MATERIALS PROVIDED >>
● ● ● ●

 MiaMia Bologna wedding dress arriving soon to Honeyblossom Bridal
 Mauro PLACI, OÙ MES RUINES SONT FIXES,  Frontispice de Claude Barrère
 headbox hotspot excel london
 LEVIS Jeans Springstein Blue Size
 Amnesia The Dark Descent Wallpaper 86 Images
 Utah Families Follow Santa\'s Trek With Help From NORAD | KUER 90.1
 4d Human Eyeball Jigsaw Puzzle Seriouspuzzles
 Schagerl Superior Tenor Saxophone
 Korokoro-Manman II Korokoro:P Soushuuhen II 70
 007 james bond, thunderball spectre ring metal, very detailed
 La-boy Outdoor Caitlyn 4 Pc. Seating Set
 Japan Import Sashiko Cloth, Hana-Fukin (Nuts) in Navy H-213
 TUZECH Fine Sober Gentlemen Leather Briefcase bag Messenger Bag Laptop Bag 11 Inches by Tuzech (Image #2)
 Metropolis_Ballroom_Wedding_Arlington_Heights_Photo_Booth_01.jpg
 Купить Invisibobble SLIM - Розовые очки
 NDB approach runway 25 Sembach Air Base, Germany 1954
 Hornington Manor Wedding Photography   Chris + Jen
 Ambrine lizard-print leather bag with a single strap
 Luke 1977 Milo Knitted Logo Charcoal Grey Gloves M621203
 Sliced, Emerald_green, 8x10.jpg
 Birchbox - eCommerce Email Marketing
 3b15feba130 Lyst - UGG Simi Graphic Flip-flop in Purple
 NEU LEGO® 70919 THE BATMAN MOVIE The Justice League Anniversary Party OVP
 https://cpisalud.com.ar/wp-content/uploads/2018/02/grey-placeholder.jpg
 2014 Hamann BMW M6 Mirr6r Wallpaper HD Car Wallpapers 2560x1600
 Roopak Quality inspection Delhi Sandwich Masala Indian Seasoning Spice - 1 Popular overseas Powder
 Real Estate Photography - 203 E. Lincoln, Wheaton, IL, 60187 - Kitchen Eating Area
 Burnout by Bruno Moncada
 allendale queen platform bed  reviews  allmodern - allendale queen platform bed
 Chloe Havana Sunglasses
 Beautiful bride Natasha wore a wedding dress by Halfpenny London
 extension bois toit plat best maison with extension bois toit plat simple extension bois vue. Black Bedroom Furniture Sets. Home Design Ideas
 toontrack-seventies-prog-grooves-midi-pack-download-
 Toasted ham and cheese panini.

● ● ● ●

Please write out, exactly as they appear, the lines from the one containing "- allendale queen platform bed" through the last line of the records above, and nothing more.

 allendale queen platform bed  reviews  allmodern - allendale queen platform bed
 Chloe Havana Sunglasses
 Beautiful bride Natasha wore a wedding dress by Halfpenny London
 extension bois toit plat best maison with extension bois toit plat simple extension bois vue. Black Bedroom Furniture Sets. Home Design Ideas
 toontrack-seventies-prog-grooves-midi-pack-download-
 Toasted ham and cheese panini.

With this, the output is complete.